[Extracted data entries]
- Opening Delimiter -

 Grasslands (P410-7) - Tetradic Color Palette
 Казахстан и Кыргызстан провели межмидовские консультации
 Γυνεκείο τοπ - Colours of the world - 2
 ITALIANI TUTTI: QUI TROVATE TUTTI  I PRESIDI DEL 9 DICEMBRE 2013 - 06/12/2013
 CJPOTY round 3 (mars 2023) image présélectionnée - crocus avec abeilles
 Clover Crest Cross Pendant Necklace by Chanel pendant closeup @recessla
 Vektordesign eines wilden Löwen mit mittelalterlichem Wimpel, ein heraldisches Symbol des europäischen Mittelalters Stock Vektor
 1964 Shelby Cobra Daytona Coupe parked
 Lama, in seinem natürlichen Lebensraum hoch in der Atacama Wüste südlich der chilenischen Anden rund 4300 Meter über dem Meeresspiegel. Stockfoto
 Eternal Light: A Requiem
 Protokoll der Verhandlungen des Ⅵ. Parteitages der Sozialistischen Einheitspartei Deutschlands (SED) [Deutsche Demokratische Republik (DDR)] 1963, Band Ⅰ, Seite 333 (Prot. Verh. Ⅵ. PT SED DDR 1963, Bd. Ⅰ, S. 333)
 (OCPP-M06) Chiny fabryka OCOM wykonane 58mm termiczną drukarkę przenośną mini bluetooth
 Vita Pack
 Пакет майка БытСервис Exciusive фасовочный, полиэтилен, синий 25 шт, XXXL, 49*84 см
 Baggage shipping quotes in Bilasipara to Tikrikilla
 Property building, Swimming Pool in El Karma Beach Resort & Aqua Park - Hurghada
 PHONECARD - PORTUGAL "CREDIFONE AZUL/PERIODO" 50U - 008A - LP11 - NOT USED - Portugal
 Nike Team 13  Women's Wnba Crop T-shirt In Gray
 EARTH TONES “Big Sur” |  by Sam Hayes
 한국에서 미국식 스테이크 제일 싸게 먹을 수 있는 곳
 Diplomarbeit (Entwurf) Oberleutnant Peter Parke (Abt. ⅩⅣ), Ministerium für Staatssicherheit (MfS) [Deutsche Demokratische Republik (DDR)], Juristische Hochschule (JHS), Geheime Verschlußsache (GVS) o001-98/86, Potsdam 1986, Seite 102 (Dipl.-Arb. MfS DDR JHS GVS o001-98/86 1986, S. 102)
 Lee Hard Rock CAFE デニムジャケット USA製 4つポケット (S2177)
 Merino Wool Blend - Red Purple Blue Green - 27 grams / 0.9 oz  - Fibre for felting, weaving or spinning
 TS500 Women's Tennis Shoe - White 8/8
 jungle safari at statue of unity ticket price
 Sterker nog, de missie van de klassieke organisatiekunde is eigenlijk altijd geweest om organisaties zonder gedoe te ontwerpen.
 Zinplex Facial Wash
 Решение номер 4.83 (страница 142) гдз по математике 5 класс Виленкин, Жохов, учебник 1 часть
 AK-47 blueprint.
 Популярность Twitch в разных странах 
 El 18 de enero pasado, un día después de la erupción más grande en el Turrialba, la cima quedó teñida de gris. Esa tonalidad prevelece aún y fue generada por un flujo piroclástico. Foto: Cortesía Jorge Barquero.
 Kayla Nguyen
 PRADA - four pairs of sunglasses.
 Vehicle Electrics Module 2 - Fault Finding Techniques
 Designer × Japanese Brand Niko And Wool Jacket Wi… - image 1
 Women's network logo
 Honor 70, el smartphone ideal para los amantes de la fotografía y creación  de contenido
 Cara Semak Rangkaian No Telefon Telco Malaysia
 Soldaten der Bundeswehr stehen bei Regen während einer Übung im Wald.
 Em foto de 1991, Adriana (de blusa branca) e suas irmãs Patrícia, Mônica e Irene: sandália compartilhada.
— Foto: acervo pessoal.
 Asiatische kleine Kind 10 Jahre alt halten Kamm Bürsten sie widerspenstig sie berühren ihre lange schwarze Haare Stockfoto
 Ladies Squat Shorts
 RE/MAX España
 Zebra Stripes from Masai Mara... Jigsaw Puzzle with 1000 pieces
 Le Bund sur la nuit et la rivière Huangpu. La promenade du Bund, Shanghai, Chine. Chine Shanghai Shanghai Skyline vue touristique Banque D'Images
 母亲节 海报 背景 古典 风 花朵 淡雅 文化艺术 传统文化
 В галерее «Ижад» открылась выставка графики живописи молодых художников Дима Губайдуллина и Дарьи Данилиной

- Closing Delimiter -

* [What the task asks]
Word for word, restate all of the entries.

* [Task answer]
 Grasslands (P410-7) - Tetradic Color Palette
 Казахстан и Кыргызстан провели межмидовские консультации
 Γυνεκείο τοπ - Colours of the world - 2
 ITALIANI TUTTI: QUI TROVATE TUTTI  I PRESIDI DEL 9 DICEMBRE 2013 - 06/12/2013
 CJPOTY round 3 (mars 2023) image présélectionnée - crocus avec abeilles
 Clover Crest Cross Pendant Necklace by Chanel pendant closeup @recessla
 Vektordesign eines wilden Löwen mit mittelalterlichem Wimpel, ein heraldisches Symbol des europäischen Mittelalters Stock Vektor
 1964 Shelby Cobra Daytona Coupe parked
 Lama, in seinem natürlichen Lebensraum hoch in der Atacama Wüste südlich der chilenischen Anden rund 4300 Meter über dem Meeresspiegel. Stockfoto
 Eternal Light: A Requiem
 Protokoll der Verhandlungen des Ⅵ. Parteitages der Sozialistischen Einheitspartei Deutschlands (SED) [Deutsche Demokratische Republik (DDR)] 1963, Band Ⅰ, Seite 333 (Prot. Verh. Ⅵ. PT SED DDR 1963, Bd. Ⅰ, S. 333)
 (OCPP-M06) Chiny fabryka OCOM wykonane 58mm termiczną drukarkę przenośną mini bluetooth
 Vita Pack
 Пакет майка БытСервис Exciusive фасовочный, полиэтилен, синий 25 шт, XXXL, 49*84 см
 Baggage shipping quotes in Bilasipara to Tikrikilla
 Property building, Swimming Pool in El Karma Beach Resort & Aqua Park - Hurghada
 PHONECARD - PORTUGAL "CREDIFONE AZUL/PERIODO" 50U - 008A - LP11 - NOT USED - Portugal
 Nike Team 13  Women's Wnba Crop T-shirt In Gray
 EARTH TONES “Big Sur” |  by Sam Hayes
 한국에서 미국식 스테이크 제일 싸게 먹을 수 있는 곳
 Diplomarbeit (Entwurf) Oberleutnant Peter Parke (Abt. ⅩⅣ), Ministerium für Staatssicherheit (MfS) [Deutsche Demokratische Republik (DDR)], Juristische Hochschule (JHS), Geheime Verschlußsache (GVS) o001-98/86, Potsdam 1986, Seite 102 (Dipl.-Arb. MfS DDR JHS GVS o001-98/86 1986, S. 102)
 Lee Hard Rock CAFE デニムジャケット USA製 4つポケット (S2177)
 Merino Wool Blend - Red Purple Blue Green - 27 grams / 0.9 oz  - Fibre for felting, weaving or spinning
 TS500 Women's Tennis Shoe - White 8/8
 jungle safari at statue of unity ticket price
 Sterker nog, de missie van de klassieke organisatiekunde is eigenlijk altijd geweest om organisaties zonder gedoe te ontwerpen.
 Zinplex Facial Wash
 Решение номер 4.83 (страница 142) гдз по математике 5 класс Виленкин, Жохов, учебник 1 часть
 AK-47 blueprint.
 Популярность Twitch в разных странах 
 El 18 de enero pasado, un día después de la erupción más grande en el Turrialba, la cima quedó teñida de gris. Esa tonalidad prevelece aún y fue generada por un flujo piroclástico. Foto: Cortesía Jorge Barquero.
 Kayla Nguyen
 PRADA - four pairs of sunglasses.
 Vehicle Electrics Module 2 - Fault Finding Techniques
 Designer × Japanese Brand Niko And Wool Jacket Wi… - image 1
 Women's network logo
 Honor 70, el smartphone ideal para los amantes de la fotografía y creación  de contenido
 Cara Semak Rangkaian No Telefon Telco Malaysia
 Soldaten der Bundeswehr stehen bei Regen während einer Übung im Wald.
 Em foto de 1991, Adriana (de blusa branca) e suas irmãs Patrícia, Mônica e Irene: sandália compartilhada.
— Foto: acervo pessoal.
 Asiatische kleine Kind 10 Jahre alt halten Kamm Bürsten sie widerspenstig sie berühren ihre lange schwarze Haare Stockfoto
 Ladies Squat Shorts
 RE/MAX España
 Zebra Stripes from Masai Mara... Jigsaw Puzzle with 1000 pieces
 Le Bund sur la nuit et la rivière Huangpu. La promenade du Bund, Shanghai, Chine. Chine Shanghai Shanghai Skyline vue touristique Banque D'Images
 母亲节 海报 背景 古典 风 花朵 淡雅 文化艺术 传统文化
 В галерее «Ижад» открылась выставка графики живописи молодых художников Дима Губайдуллина и Дарьи Данилиной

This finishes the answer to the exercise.